┌──

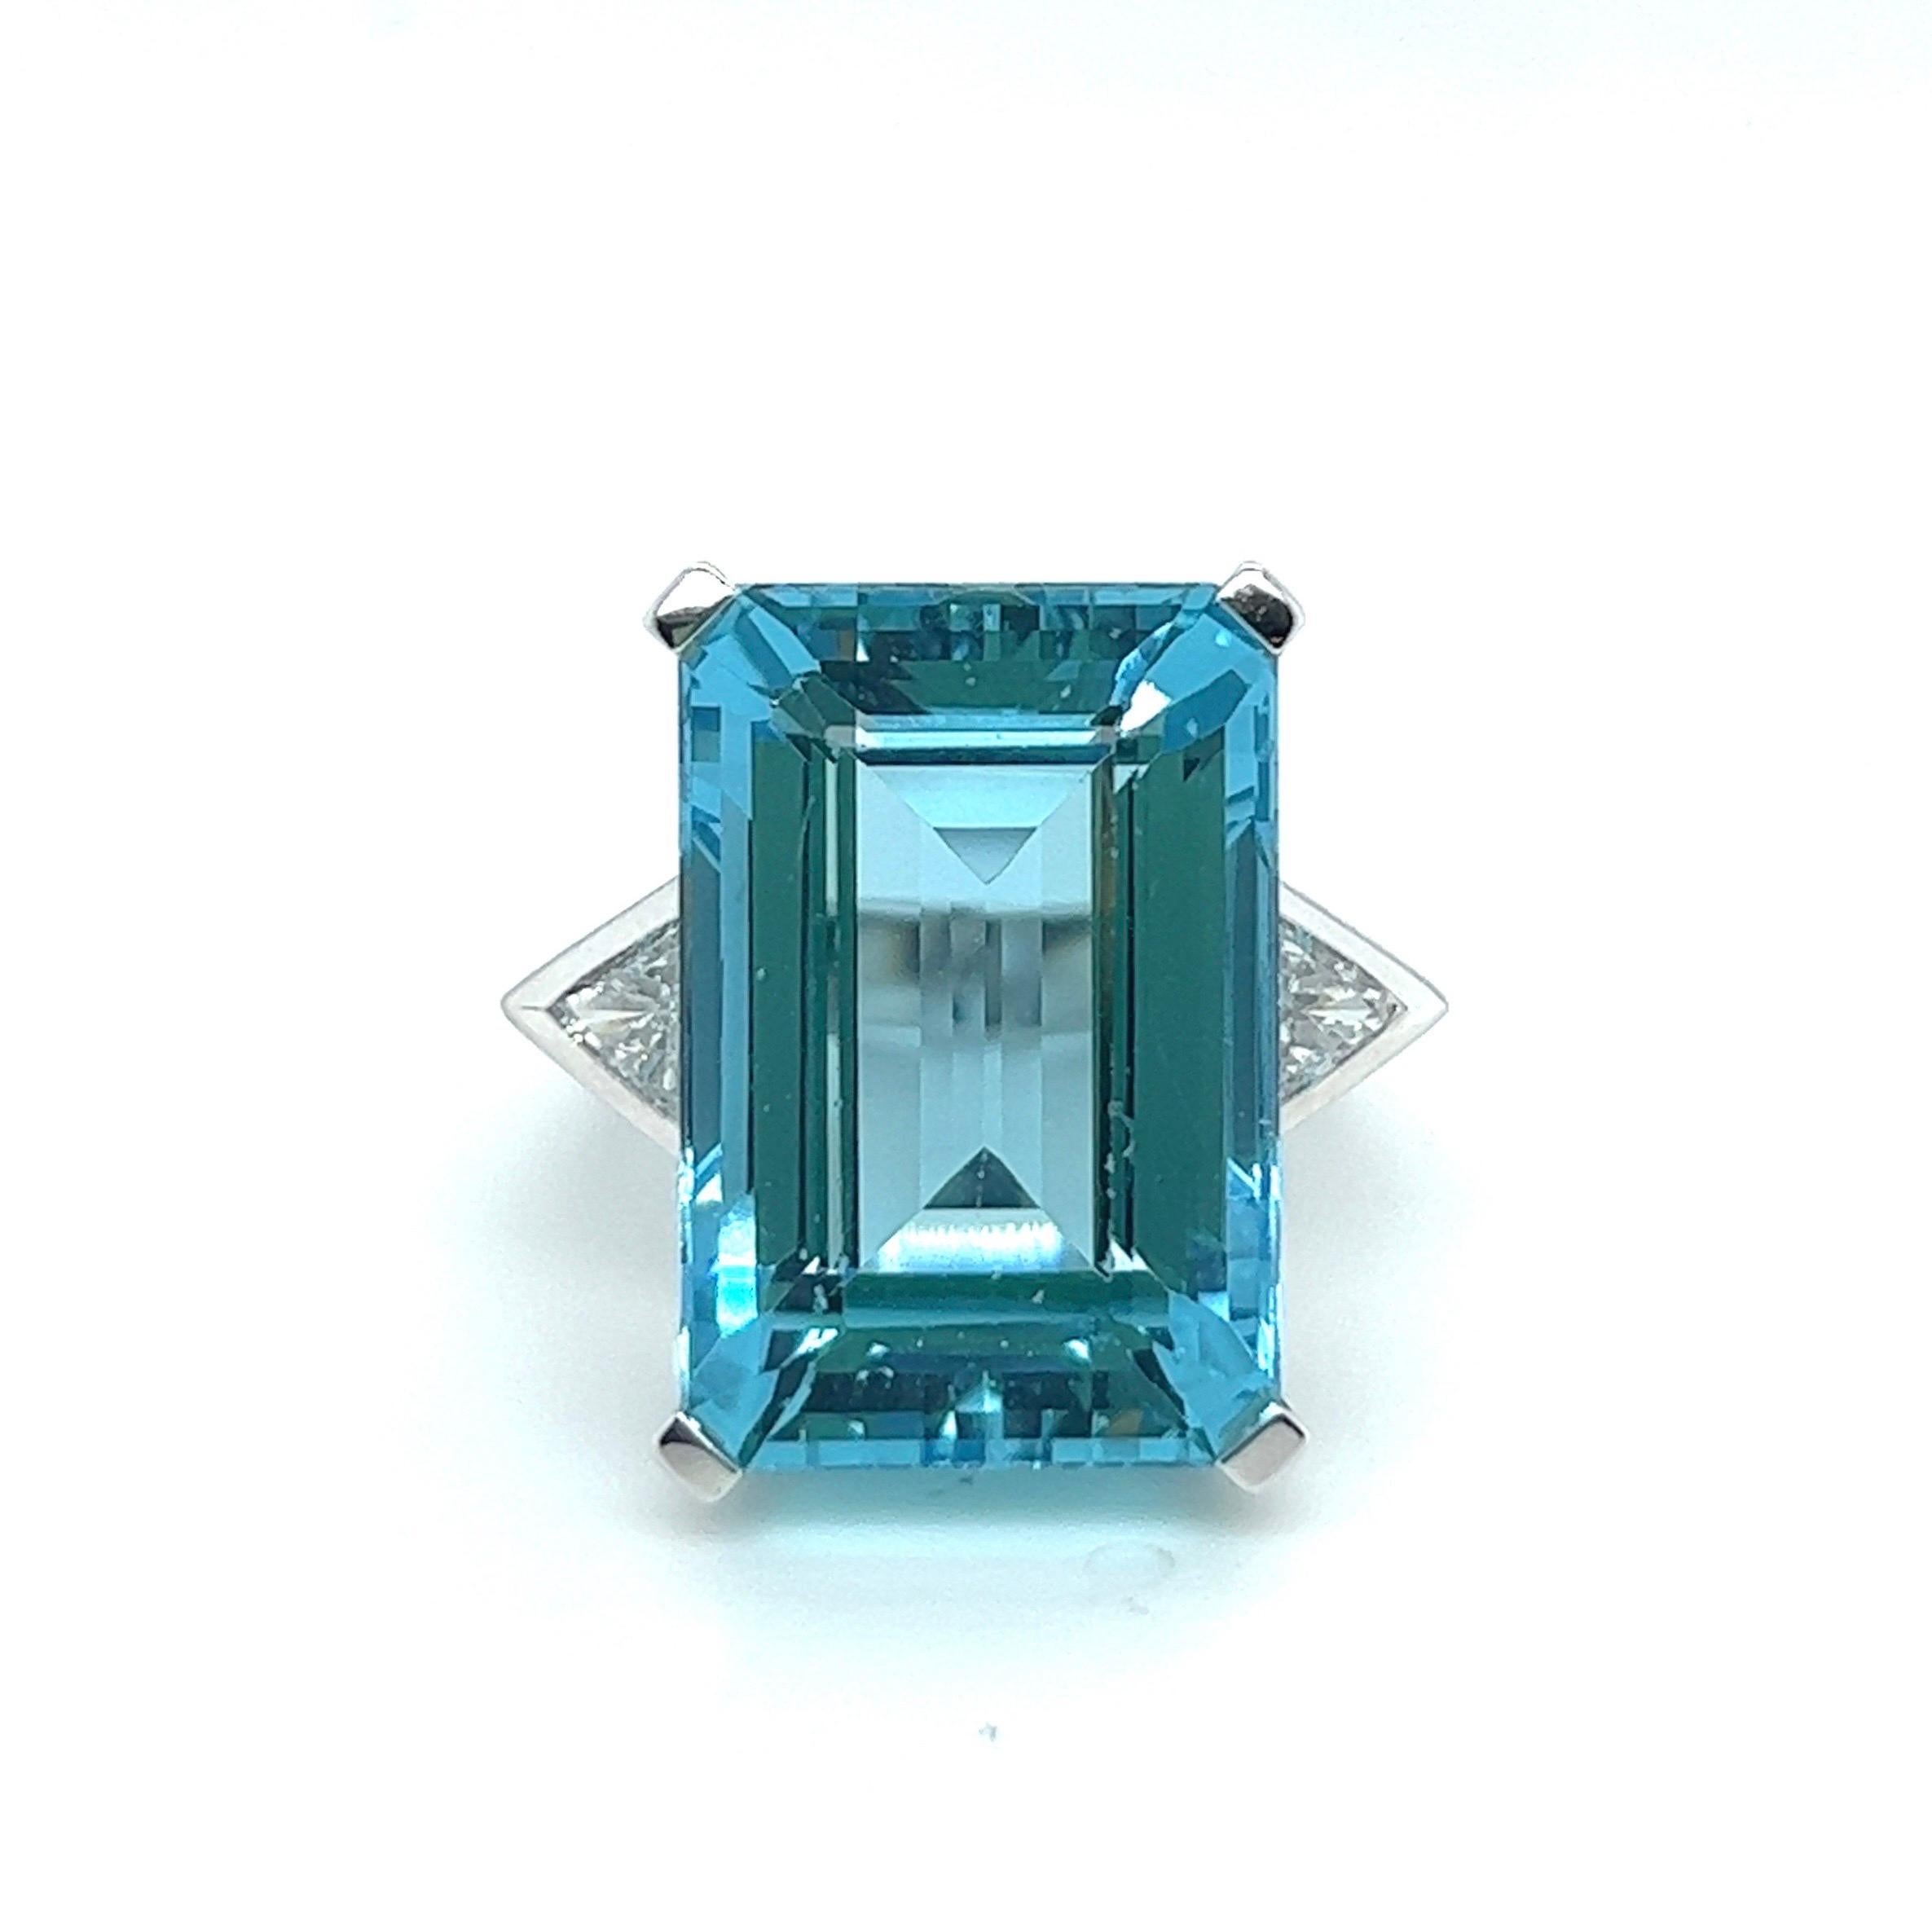 Stylish and eye-catching 18 karat white gold, aquamarine and diamond cocktail ring.

Crafted in 18 karat white gold, set with a luminous octagonal aquamarine of approximately 16 carats and flanked by two trilliant-cut diamonds totalling circa 0.6
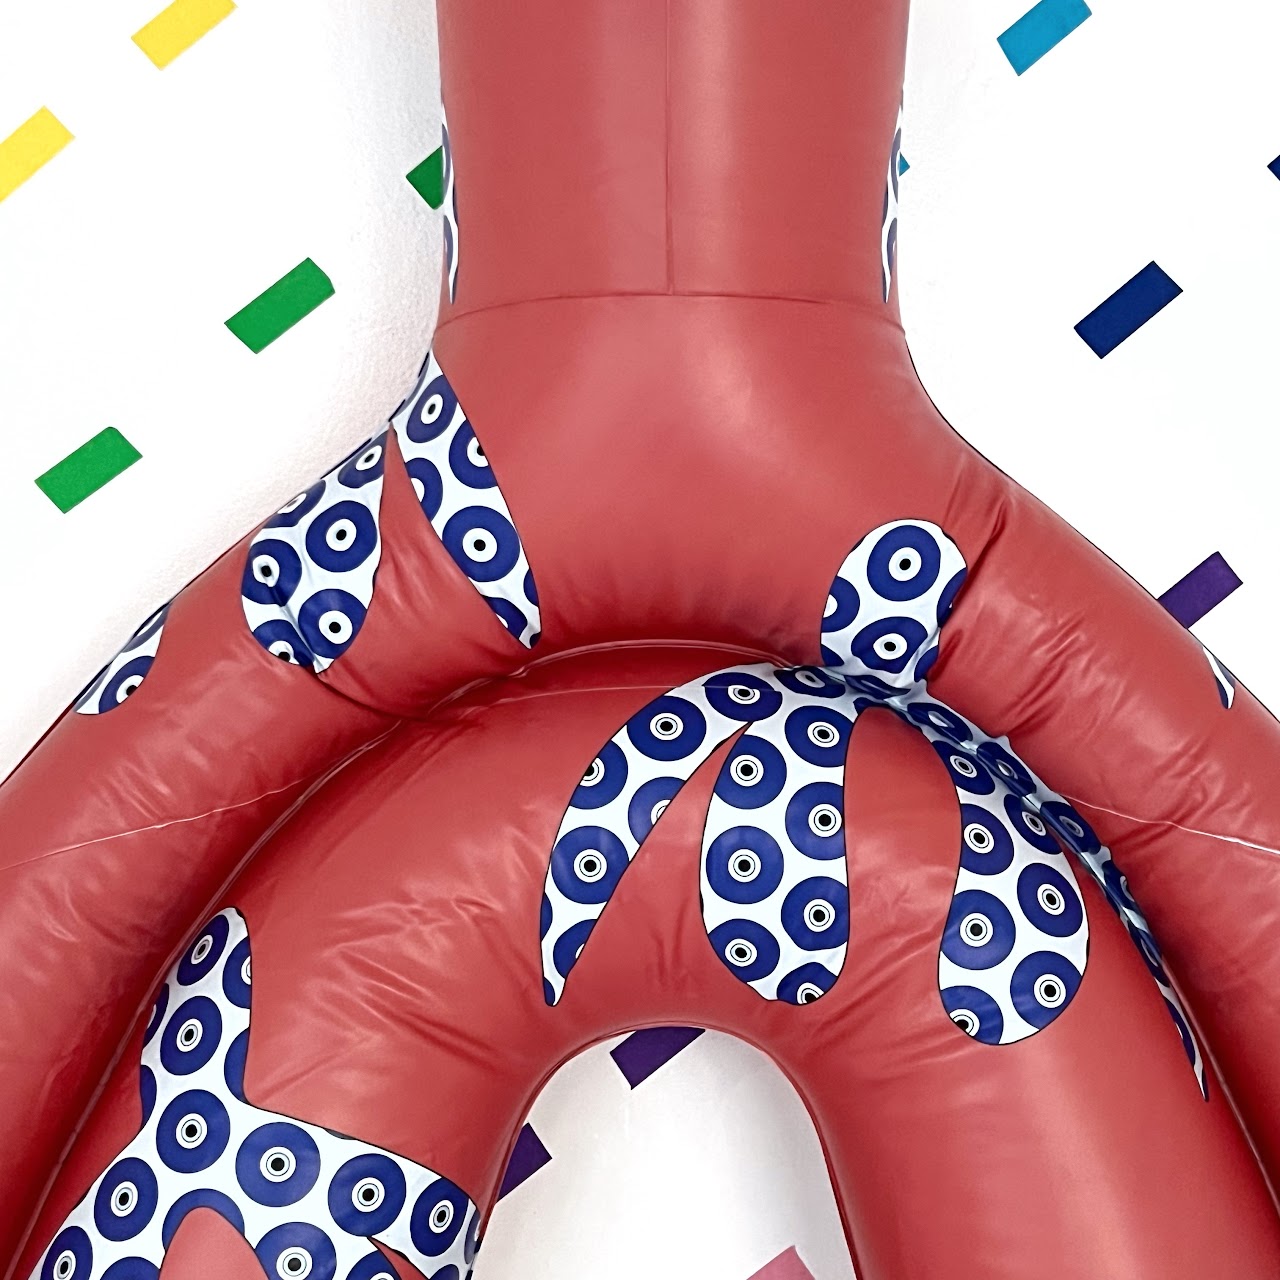 Sophia Wallace 'Evil Eye' Signed Inflatable Clitoris Sculpture #2

└──

Work to be completed:
The listing above should be repeated word for word, pictures removed.

Response:
 Stylish and eye-catching 18 karat white gold, aquamarine and diamond cocktail ring.

Crafted in 18 karat white gold, set with a luminous octagonal aquamarine of approximately 16 carats and flanked by two trilliant-cut diamonds totalling circa 0.6
 Sophia Wallace 'Evil Eye' Signed Inflatable Clitoris Sculpture #2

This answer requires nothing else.